The mobile industry is currently dominated by ARM’s RISC-based architecture. As veteran industry analyst Jon Peddie notes, the price/power/performance efficiency of the RISC-based heterogeneous SoCs and their multi I/O is satisfying a great many needs for hundreds of millions of people worldwide.

“So far, Intel has largely missed out on the revolution it helped ignite. The world’s biggest, and best semiconductor company is catching up however, and with the next generation of 22nm parts will offer the first real alternative to the ubiquitous ARM-based SoCs,” Peddie wrote in a recent industry note.
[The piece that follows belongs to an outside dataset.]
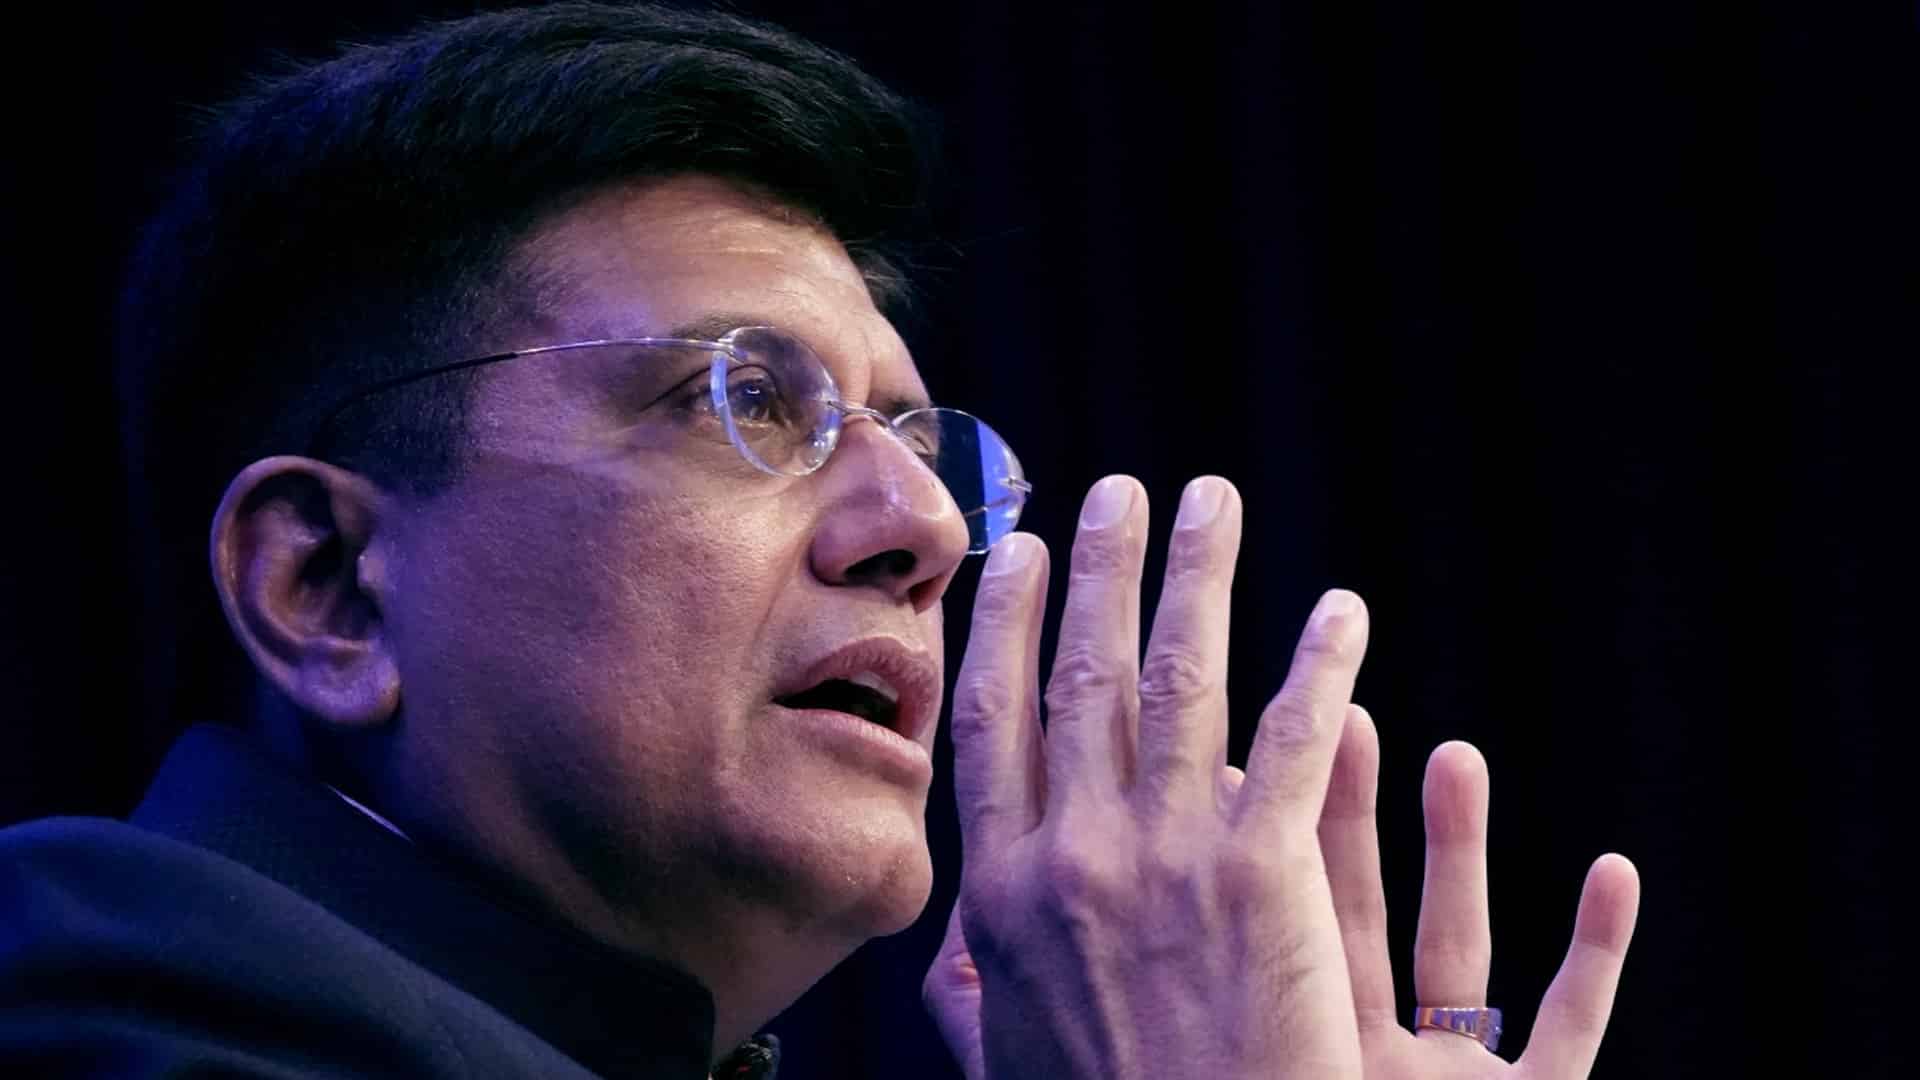 Unfortunately, WTO could not respond with alacrity to control COVID-19 pandemic: Goyal

“And Intel’s SoCs will offer something else, that ARM currently can’t do—multi OS compatibility. The next gen (and to a certain extent this generation) of Atom processors will run Android and Windows, as well as Linux. That means if Intel can hit the same power/price/performance points as ARM-based SoCs, it has a bigger TAM than ARM does.”

According to Peddie, both Intel and rival AMD ignored the ARM revolution in their own imprudent way. For Intel, the (x86) Pentium and its successors all the way to Ivy Bridge have been such astoundingly good products with such sweet fat margins, there was little appetite within Intel to abandon that cash cow.

“It was those cows that provided the positive feedback mechanism to fund the fabulous fabs Intel has built. Now, finally, Intel is applying those super guns to the cheap and tiny and preparing to meet ARM on its home ground,” Peddie explained.

“[True], ARM may have started the revolution, and even won the first round, that’s the good news. The bad news is they’ve woken up the bear and its cousin in Austin and now ARM is going to have a new set of problems to deal with, and one I’m not sure they’re prepared to take on.”

Of course, ARM is unlikely to suffer much with Intel and AMD in its traditional market space, says Peddie.

“ARM is a company that was built on tiny processors with penny transactions; it’s a lean mean fighting machine and won’t roll over easily to mighty Intel or pugnacious AMD,” the analyst added.